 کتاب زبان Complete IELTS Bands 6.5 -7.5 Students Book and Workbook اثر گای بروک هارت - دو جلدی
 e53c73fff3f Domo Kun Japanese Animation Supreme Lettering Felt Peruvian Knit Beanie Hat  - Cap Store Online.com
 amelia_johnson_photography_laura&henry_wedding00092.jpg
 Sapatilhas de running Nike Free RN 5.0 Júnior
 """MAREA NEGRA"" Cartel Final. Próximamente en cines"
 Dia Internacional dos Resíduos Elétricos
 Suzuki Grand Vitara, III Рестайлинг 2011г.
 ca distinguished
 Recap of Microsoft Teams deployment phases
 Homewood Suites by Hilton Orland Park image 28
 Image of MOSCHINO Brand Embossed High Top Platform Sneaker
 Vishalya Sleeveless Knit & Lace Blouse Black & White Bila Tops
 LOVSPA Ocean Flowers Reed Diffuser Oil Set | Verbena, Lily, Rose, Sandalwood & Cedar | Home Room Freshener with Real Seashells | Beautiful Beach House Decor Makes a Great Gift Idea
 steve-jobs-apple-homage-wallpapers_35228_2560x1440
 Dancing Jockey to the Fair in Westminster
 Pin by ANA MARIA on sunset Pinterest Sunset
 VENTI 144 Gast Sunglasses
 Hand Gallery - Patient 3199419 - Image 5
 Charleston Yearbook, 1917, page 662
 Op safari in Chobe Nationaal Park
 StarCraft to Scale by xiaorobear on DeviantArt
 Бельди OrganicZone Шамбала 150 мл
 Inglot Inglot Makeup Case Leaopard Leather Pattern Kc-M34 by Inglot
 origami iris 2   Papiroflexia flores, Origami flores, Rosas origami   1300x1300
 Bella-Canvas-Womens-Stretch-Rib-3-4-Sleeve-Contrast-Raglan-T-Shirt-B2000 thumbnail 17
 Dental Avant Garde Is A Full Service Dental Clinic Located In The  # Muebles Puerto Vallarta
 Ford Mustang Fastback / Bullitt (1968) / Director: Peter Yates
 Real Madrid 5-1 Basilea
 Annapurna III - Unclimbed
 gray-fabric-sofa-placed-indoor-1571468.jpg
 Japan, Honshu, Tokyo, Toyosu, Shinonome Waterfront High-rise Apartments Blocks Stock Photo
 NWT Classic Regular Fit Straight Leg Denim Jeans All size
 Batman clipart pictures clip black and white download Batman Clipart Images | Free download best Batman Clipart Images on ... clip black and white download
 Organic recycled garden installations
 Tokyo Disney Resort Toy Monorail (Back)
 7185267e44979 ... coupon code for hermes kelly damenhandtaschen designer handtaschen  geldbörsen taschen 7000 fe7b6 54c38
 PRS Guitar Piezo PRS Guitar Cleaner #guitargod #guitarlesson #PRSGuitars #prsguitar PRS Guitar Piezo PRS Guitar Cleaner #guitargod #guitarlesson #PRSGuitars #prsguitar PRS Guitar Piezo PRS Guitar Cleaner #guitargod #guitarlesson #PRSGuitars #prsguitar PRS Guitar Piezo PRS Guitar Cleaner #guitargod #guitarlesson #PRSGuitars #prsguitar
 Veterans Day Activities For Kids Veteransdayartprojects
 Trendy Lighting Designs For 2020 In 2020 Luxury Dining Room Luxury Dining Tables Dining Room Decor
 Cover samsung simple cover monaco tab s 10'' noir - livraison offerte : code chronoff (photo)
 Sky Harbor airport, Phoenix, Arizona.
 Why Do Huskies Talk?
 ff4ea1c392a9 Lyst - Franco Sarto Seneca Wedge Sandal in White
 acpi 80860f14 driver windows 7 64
###
(Exercise details):
The stopping point is the line containing "Sapatilhas de running". Reproduce exactly every line of the material from the first through that one.

(Response area):
 کتاب زبان Complete IELTS Bands 6.5 -7.5 Students Book and Workbook اثر گای بروک هارت - دو جلدی
 e53c73fff3f Domo Kun Japanese Animation Supreme Lettering Felt Peruvian Knit Beanie Hat  - Cap Store Online.com
 amelia_johnson_photography_laura&henry_wedding00092.jpg
 Sapatilhas de running Nike Free RN 5.0 Júnior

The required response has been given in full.